(By David Sterman) Whenever a company decides to pursue a growth-through-acquisition strategy, investors grow concerned. The payoff can be rapid growth and investors are certainly happy whenever that happens, but the risks are significant. Execution must be perfect, or hoped-for synergies will simply fail to materialize.
If that happens, then the stock could plummet.
But investors had few such concerns about Diamond Foods (Nasdaq: DMND). The purveyor of gourmet nuts and snack foods pulled off a string of acquisitions in recent years, successfully integrating brands such as Pop Secret and Kettle Chips to augment its internal Diamond and Emerald nuts brands.
Those deals helped to boost sales sharply, from $571 million in fiscal (July) 2009 to $966 million in fiscal 2011. Equally important, the acquired brands helped boost EBITDA margins, setting the stage for 63% earnings per share (EPS) growth in fiscal 2011 to $2.22 a share.
And then management got greedy.
Pleased with those deals, Diamond announced plans in April 2011 to acquire the Pringles brand from Procter & Gamble (NYSE: PG). At the time, the company was valued at $1.35 billion, but planned to pay $2.35 billion to swallow this big fish.
Prior to the closing of the Pringles deal, Diamond kept delivering extremely good quarterly results. By last October, analysts at D.A. Davidson gushed that "We've followed the food sector for 25 years and the growth Diamond is generating is among the best we've ever seen." They predicted that profit margins would continue to expand rapidly.
Investors eventually warmed up to this major acquisition, pushing shares from $60 to more than $90 by October 2011. After all, the acquisition was expected to help boost EPS to new heights with analysts projecting $3.50 a share by fiscal 2013.
But management's plans eventually crumbled. Less than a year later, this stock has fallen 80% to a recent $18. So is now the time to buy?
Let's take a further look...
The troubles began in November when Diamond's board of directors looked into concerns that the company may have improperly accounted for payments to walnut growers back in 2010. That was enough to delay the Pringles deal for a few quarters -- into the spring of 2012.

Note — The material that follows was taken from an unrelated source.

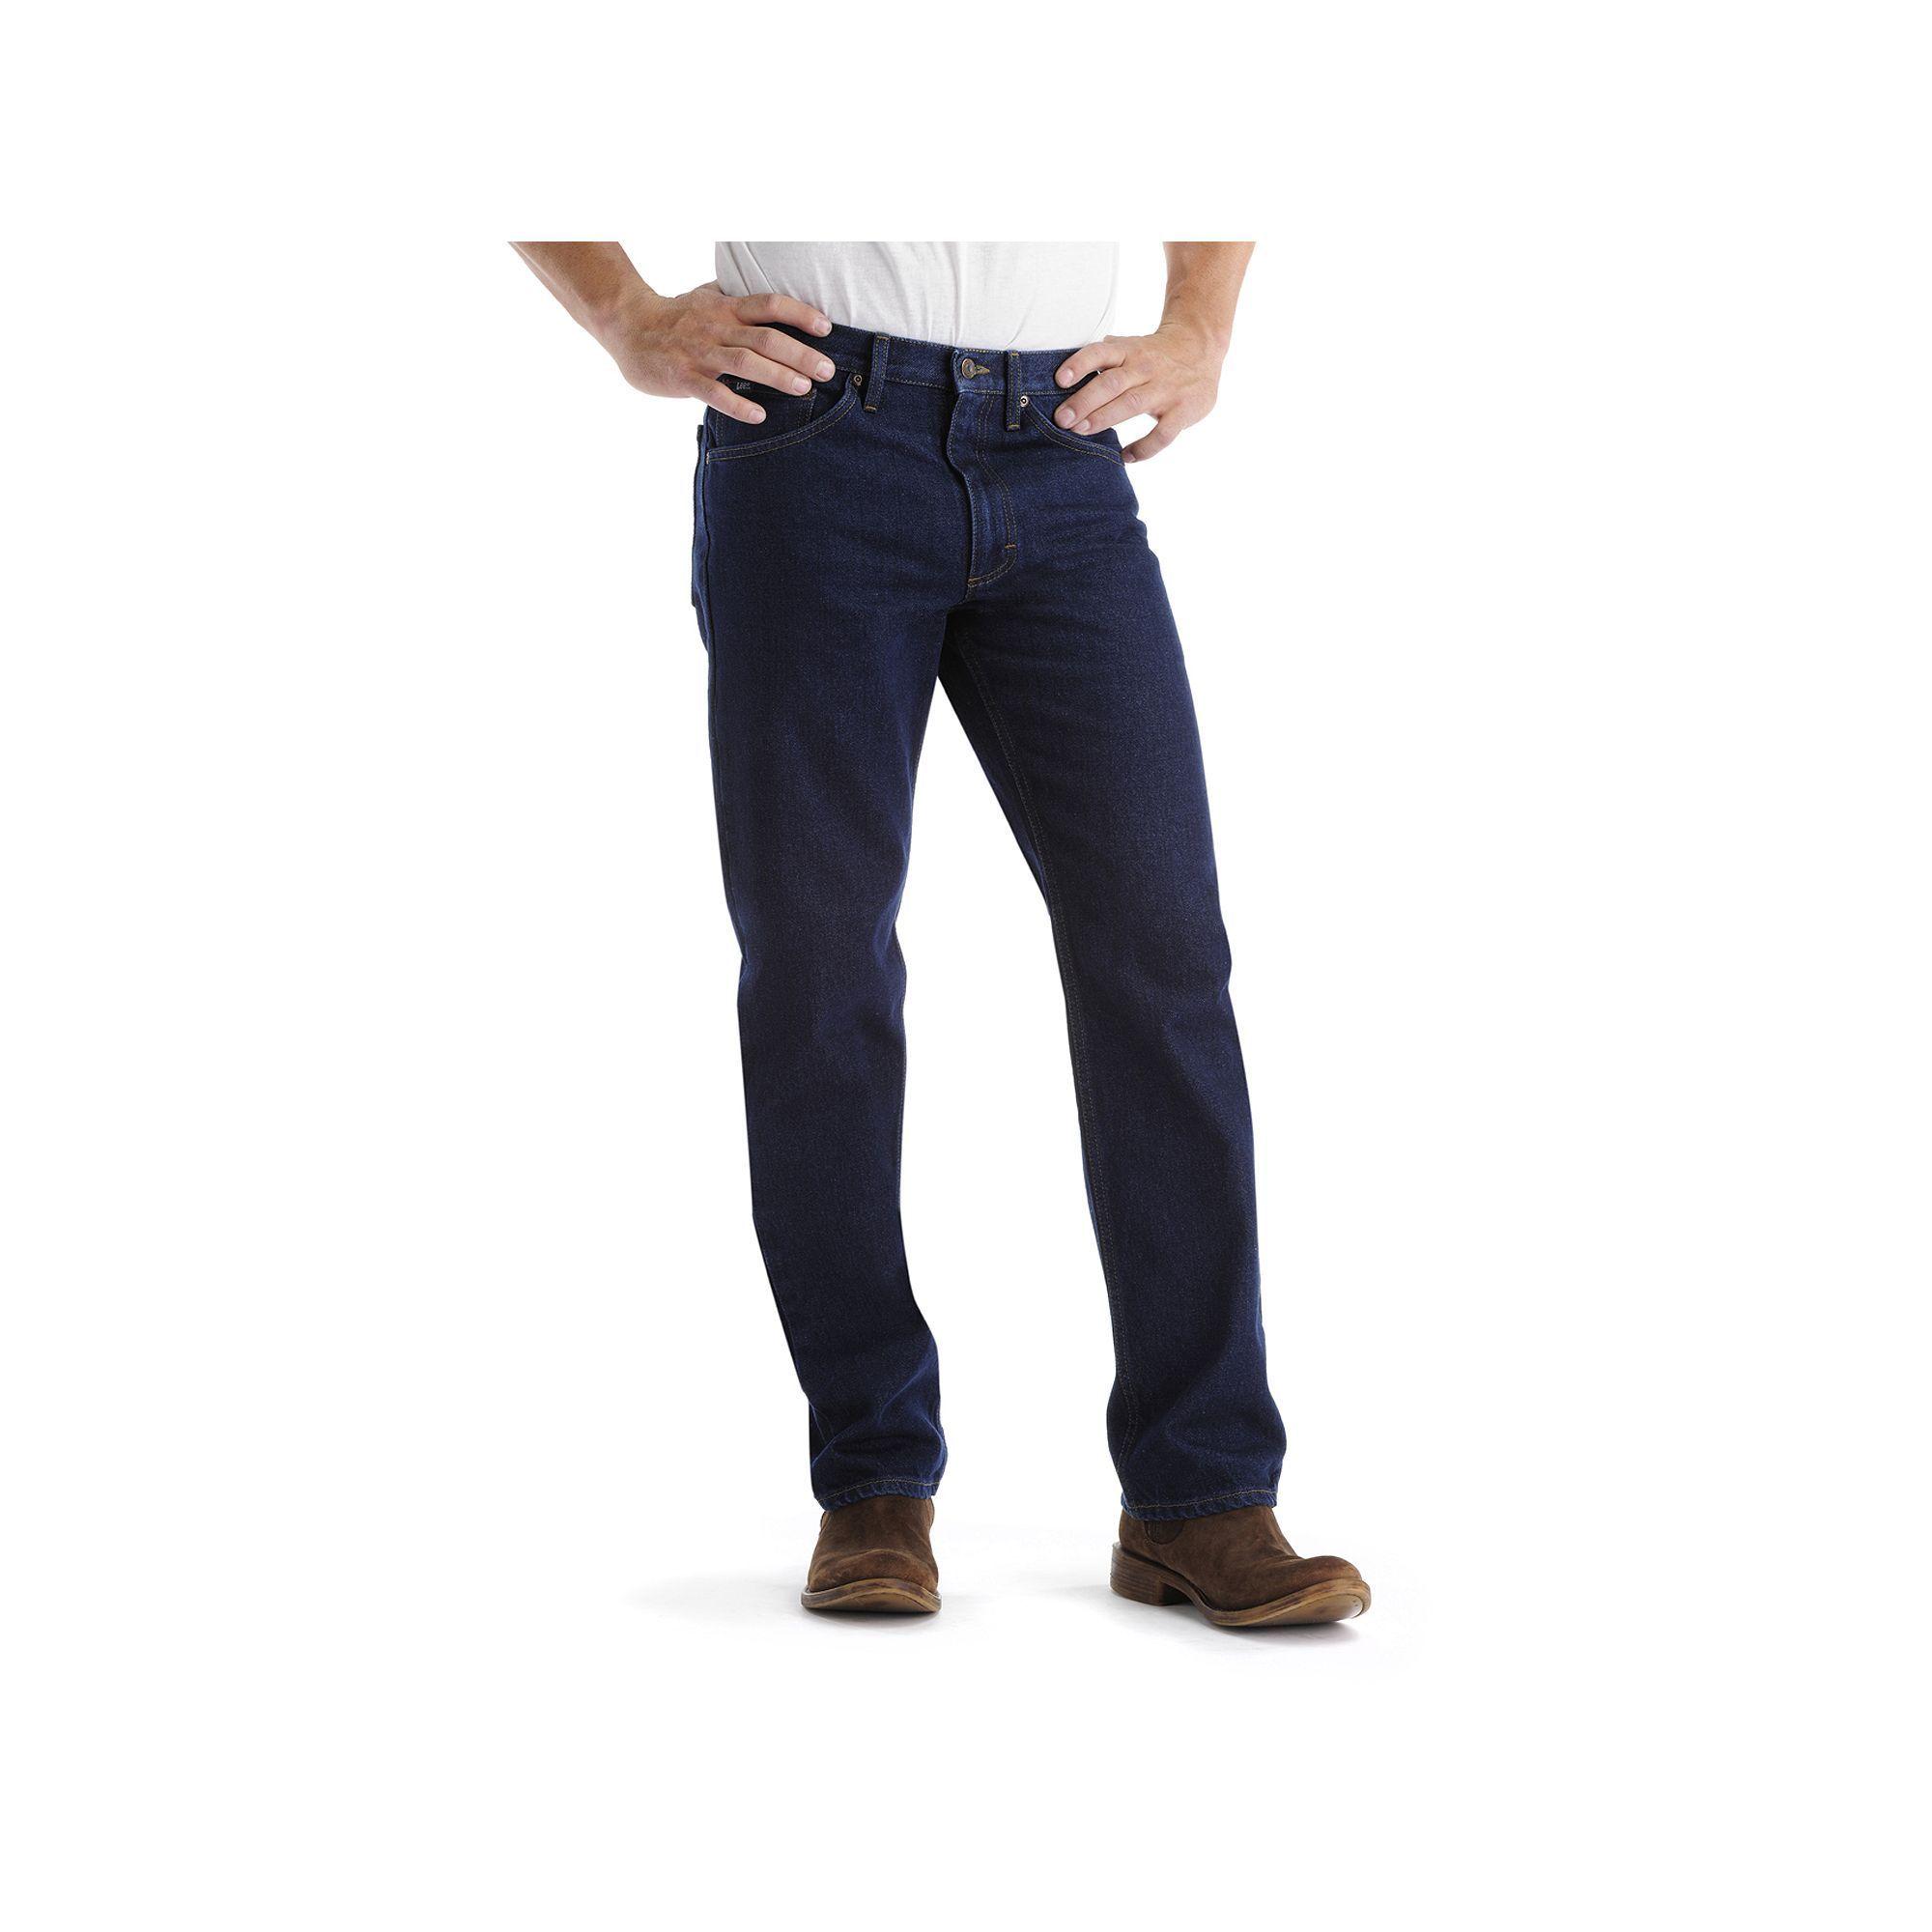 ef314d33 Big & Tall Lee Regular Straight-Leg Jeans, Men's, Size: 44X30, Blue ...

Fast-forward to February 2012, and Diamond's audit committee released findings that the company had overstated earnings in each of the prior two fiscal years.

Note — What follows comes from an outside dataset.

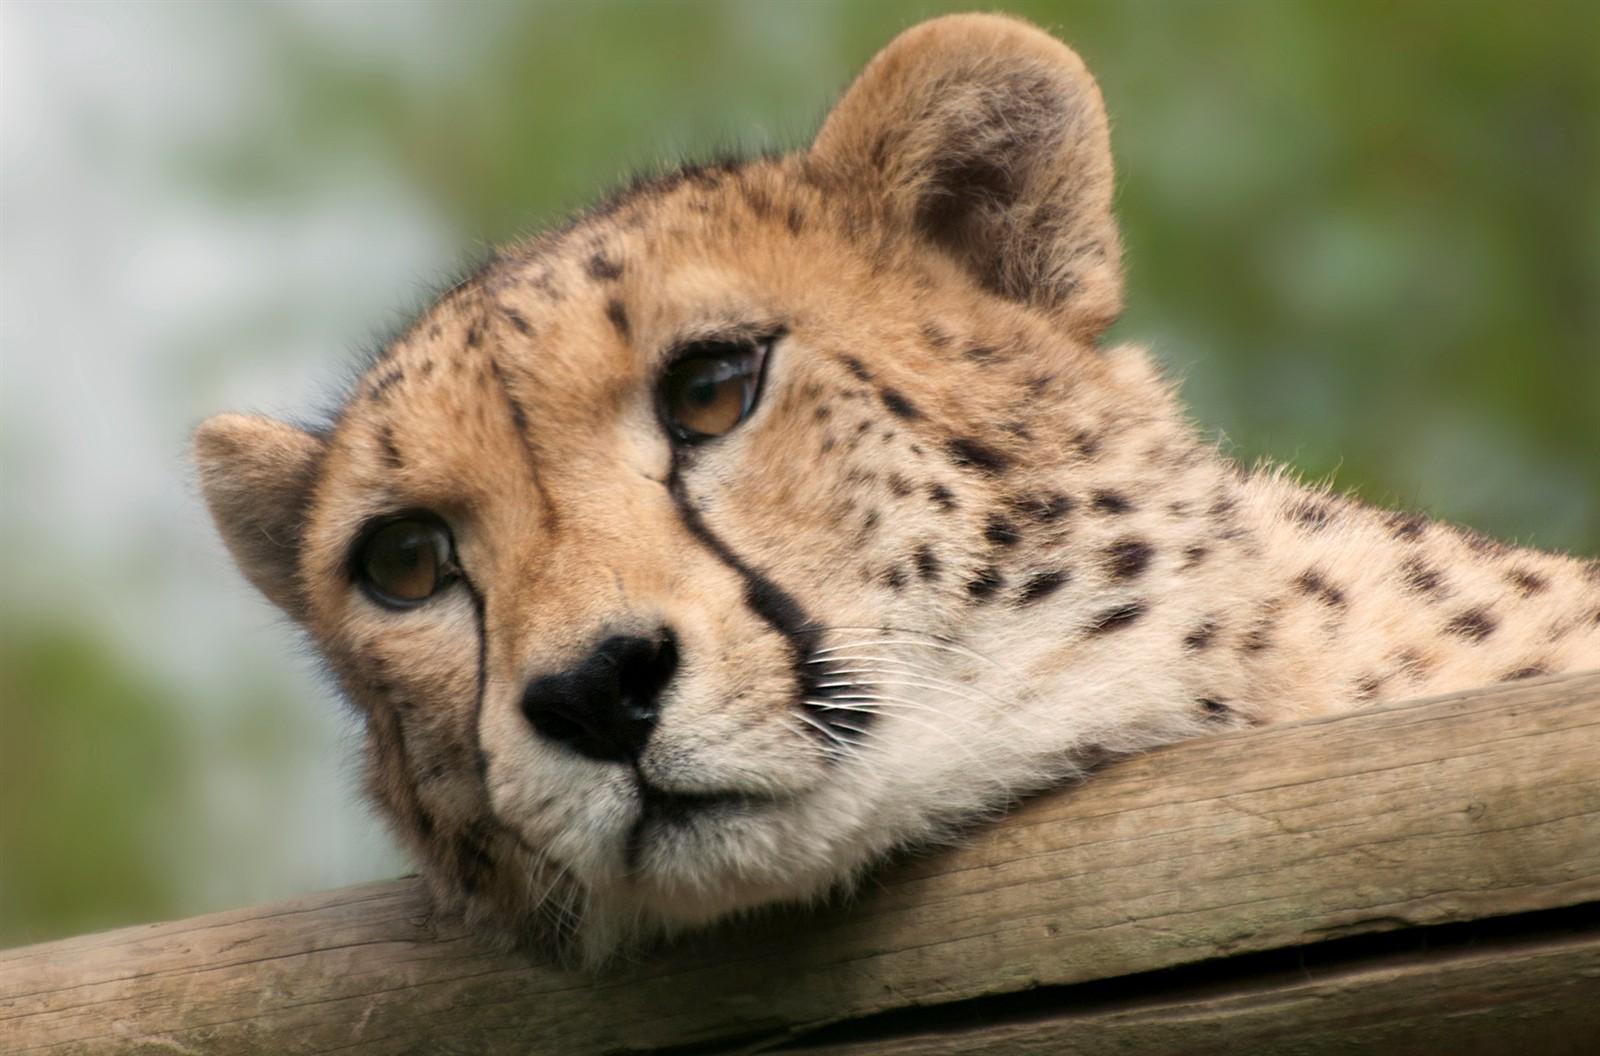 cute baby cheetahs wallpapers

The CEO and the chief financial officer were given their walking papers. The Pringles deal was officially dead. Adding insult, the financial restatements meant that the company was now outside of debt covenants and cash would need to be raised -- pronto.
In late May, those balance sheet concerns were put to rest as Diamond received a $225 million capital injection from Oaktree Investments. The deal brings the potential of up to 17% dilution to current shareholders, but puts Diamond back on much firmer financial footing.
At this point, the company's major challenge is to get current with its financial reports and defend itself against a few lawsuits (which look to be of the nuisance variety and not legitimate legal challenges). It's crucial that those filings come soon, as Nasdaq could temporarily push this stock to the pink sheets if Diamond doesn't catch up with its filings soon.
Shares can surely go lower for a while if Diamond drags its feet. But if and when those filings emerge, this stock could quickly vault from the upper teens into the mid-$20s.
Putting it together
Looking ahead, Diamond plans to increase its focus on core brands, especially in the walnut and peanut businesses. Right now, the walnut business looks challenging, with a 40% year-over-year spike in prices paid to walnut growers. Coupled with the investment-related dilution, EPS forecasts are now more modest. Instead of the $2.50 a share in earnings that analysts had been expecting in the current fiscal year that ends this month, per share profits are likely to be closer to $1.70. And analysts say EPS could rebound to around $2.25 a share in fiscal 2013, in part due to a return to more typical walnut pricing.
That puts this stock's value at less than eight times projected 2013 profits. As a point of reference, Kellogg Co. (NYSE: K), General Mills (NYSE: GIS) and Kraft (NYSE: KFT) all trade for 13-15 times projected 2013 profits. As Diamond Foods moves away from its recent screw-ups, the forward multiple will likely revert back to the peer group, implying at last 50% upside for this beaten-down stock.
Risks to Consider: Much of this rebound is predicated on a pullback in walnut prices later this year, and if that fails to happen, then shares may take a few years to move back toward my target of $25-$30.
Action to Take --> The delayed filings tell you that this stock still has risk. If you can handle the potential for further near-term weakness, then you should be amply rewarded down the road once all of these headwinds have fully abated.
-- David Sterman
David Sterman does not personally hold positions in any securities mentioned in this article. StreetAuthority LLC does not hold positions in any securities mentioned in this article.